### Task
Please copy only the material from the line that has "Dessin humoristique montrant" to the very last line, both ends included, exactly as written and without pictures.

### Provided data
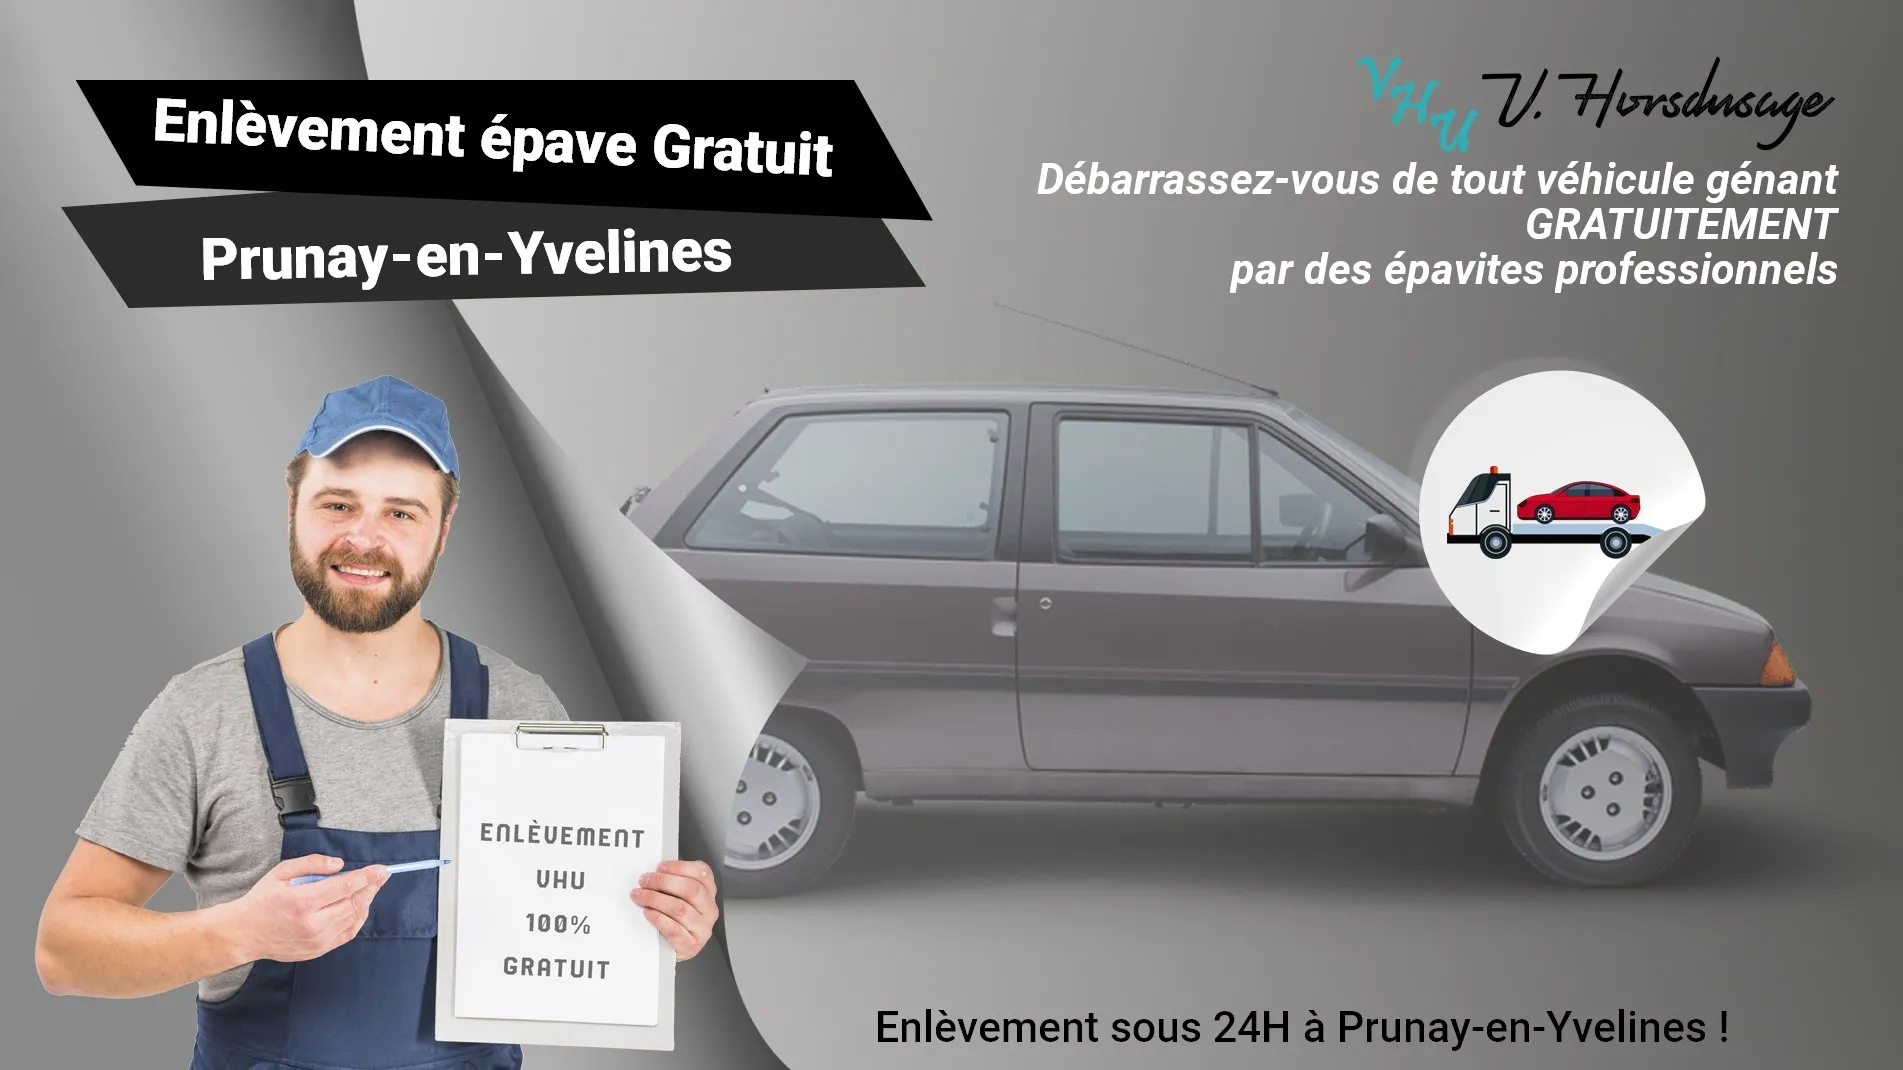 Pour un enlèvement gratuit à Prunay-en-Yvelines, contactez nos épavistes agréé VHU
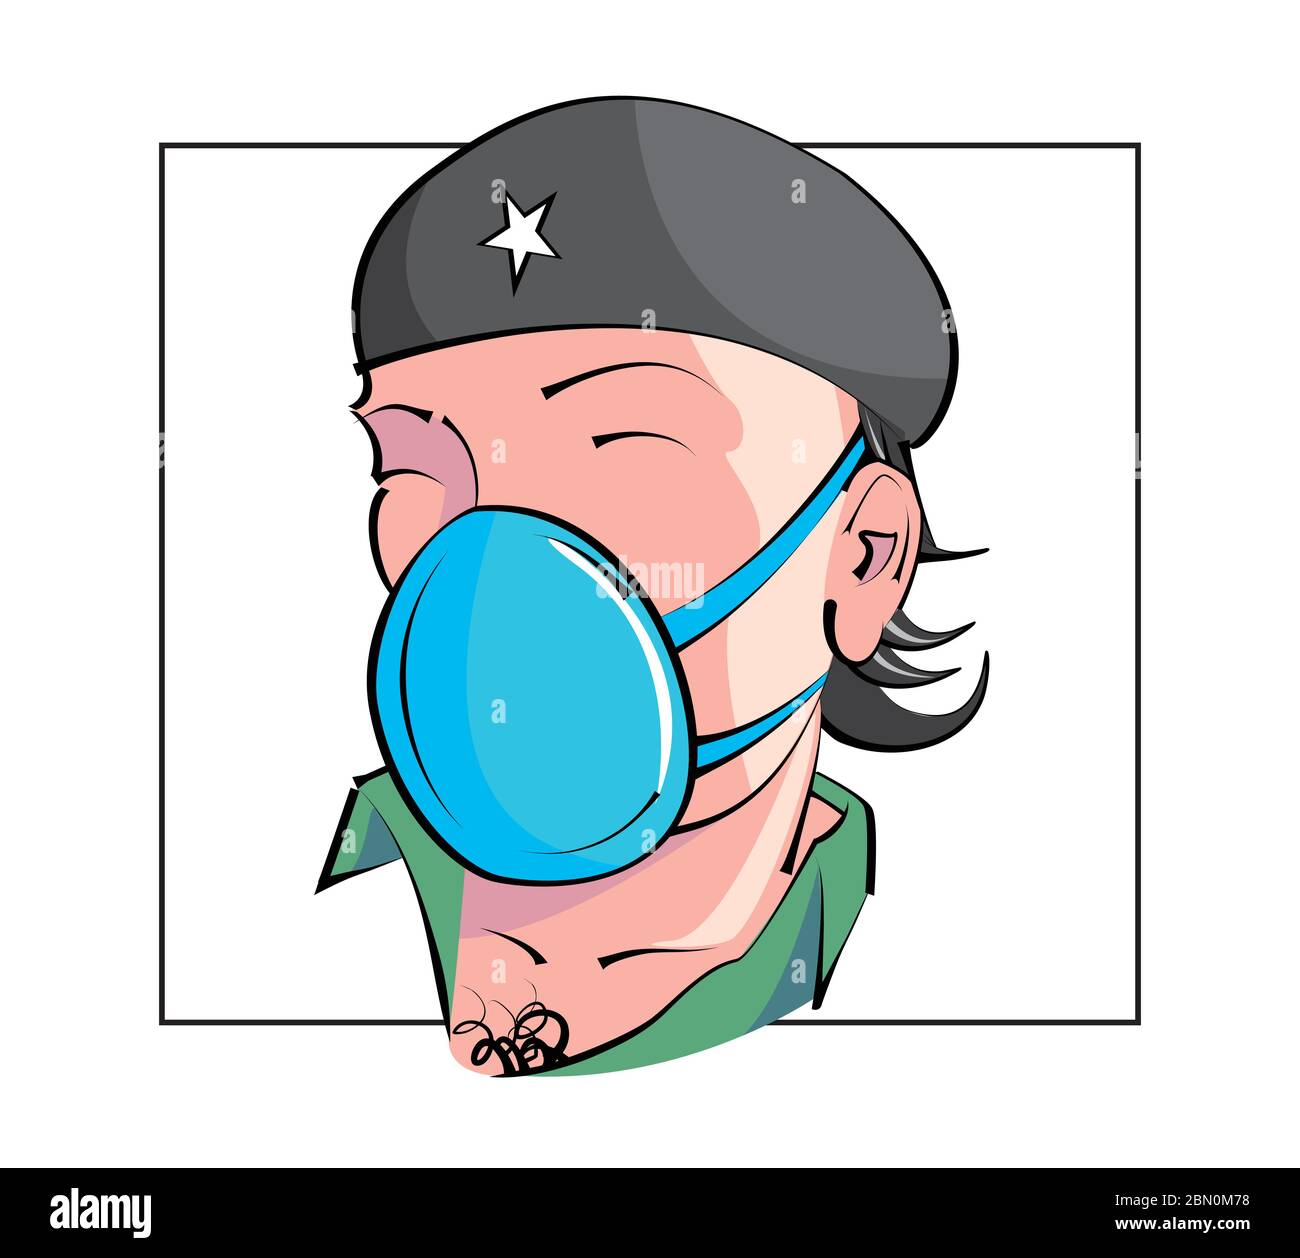 Dessin humoristique montrant le visage de la guérilla nommée Che Guevara avec masque sur fond blanc Illustration de Vecteur
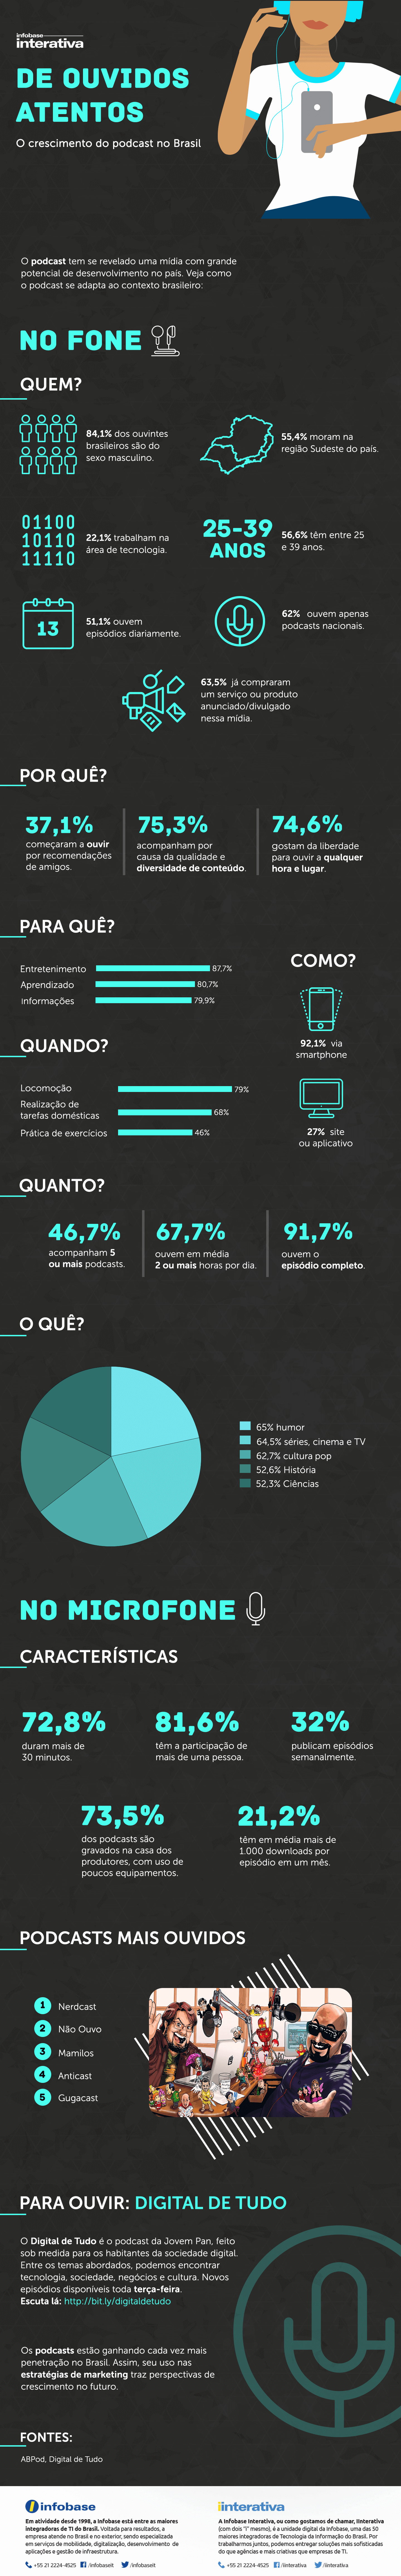 Infográfico sobre podcasts no Brasil
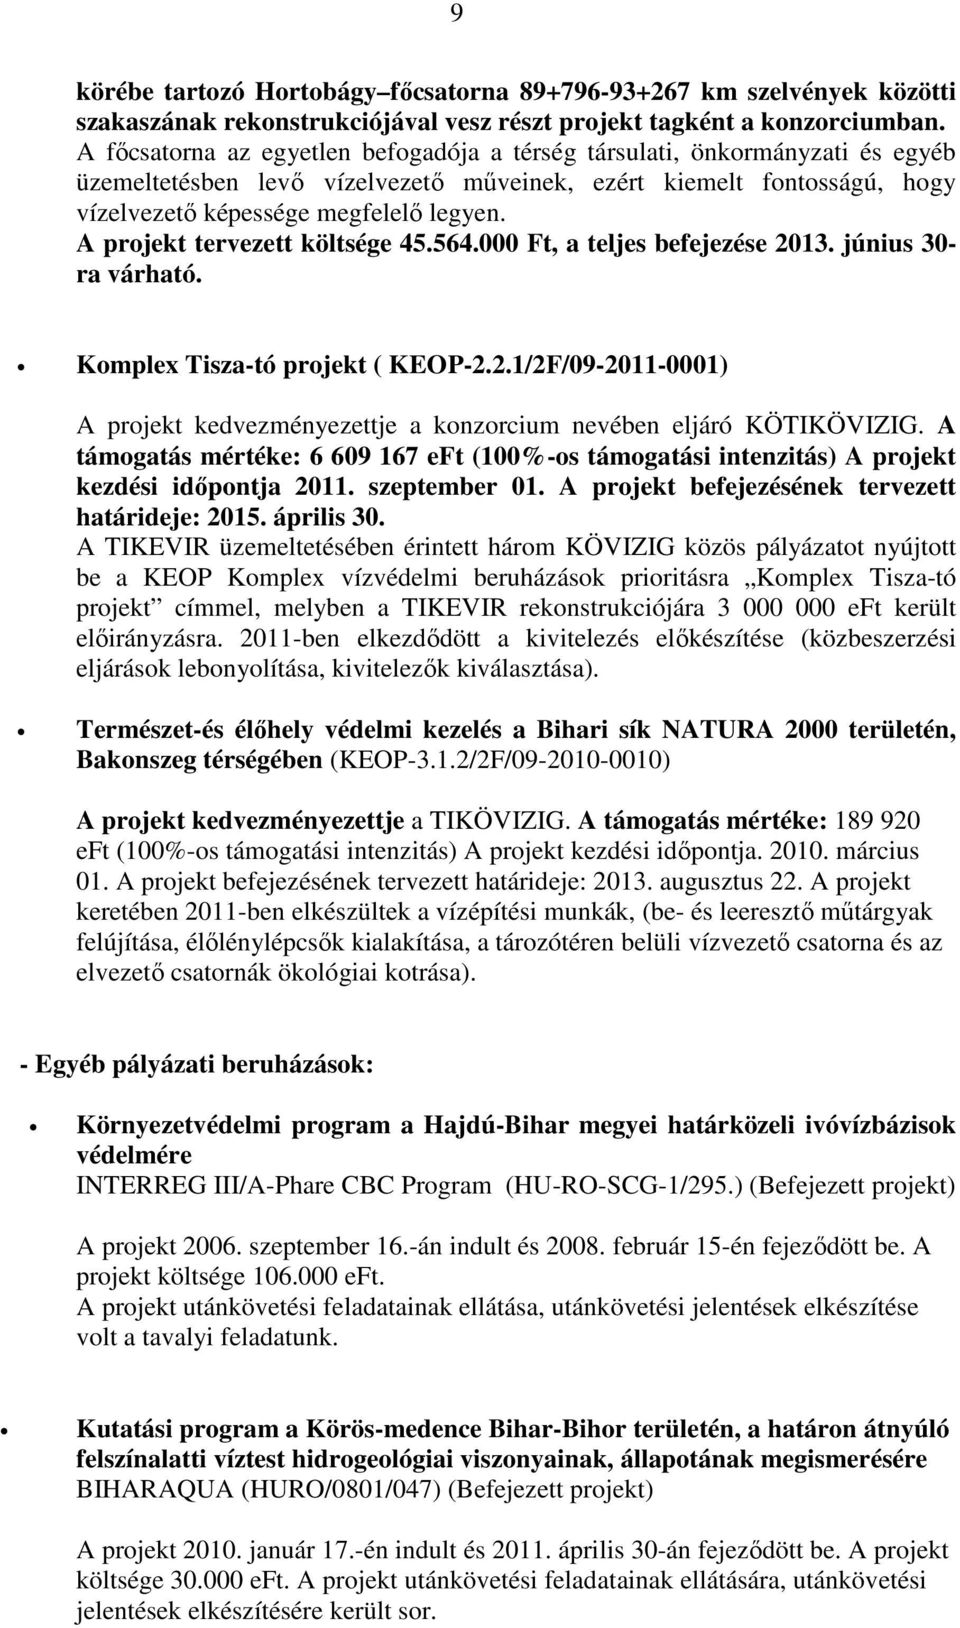 A projekt tervezett költsége 45.564.000 Ft, a teljes befejezése 2013. június 30- ra várható. Komplex Tisza-tó projekt ( KEOP-2.2.1/2F/09-2011-0001) A projekt kedvezményezettje a konzorcium nevében eljáró KÖTIKÖVIZIG.

### Task solution
 Dessin humoristique montrant le visage de la guérilla nommée Che Guevara avec masque sur fond blanc Illustration de Vecteur
 Infográfico sobre podcasts no Brasil
 A projekt tervezett költsége 45.564.000 Ft, a teljes befejezése 2013. június 30- ra várható. Komplex Tisza-tó projekt ( KEOP-2.2.1/2F/09-2011-0001) A projekt kedvezményezettje a konzorcium nevében eljáró KÖTIKÖVIZIG.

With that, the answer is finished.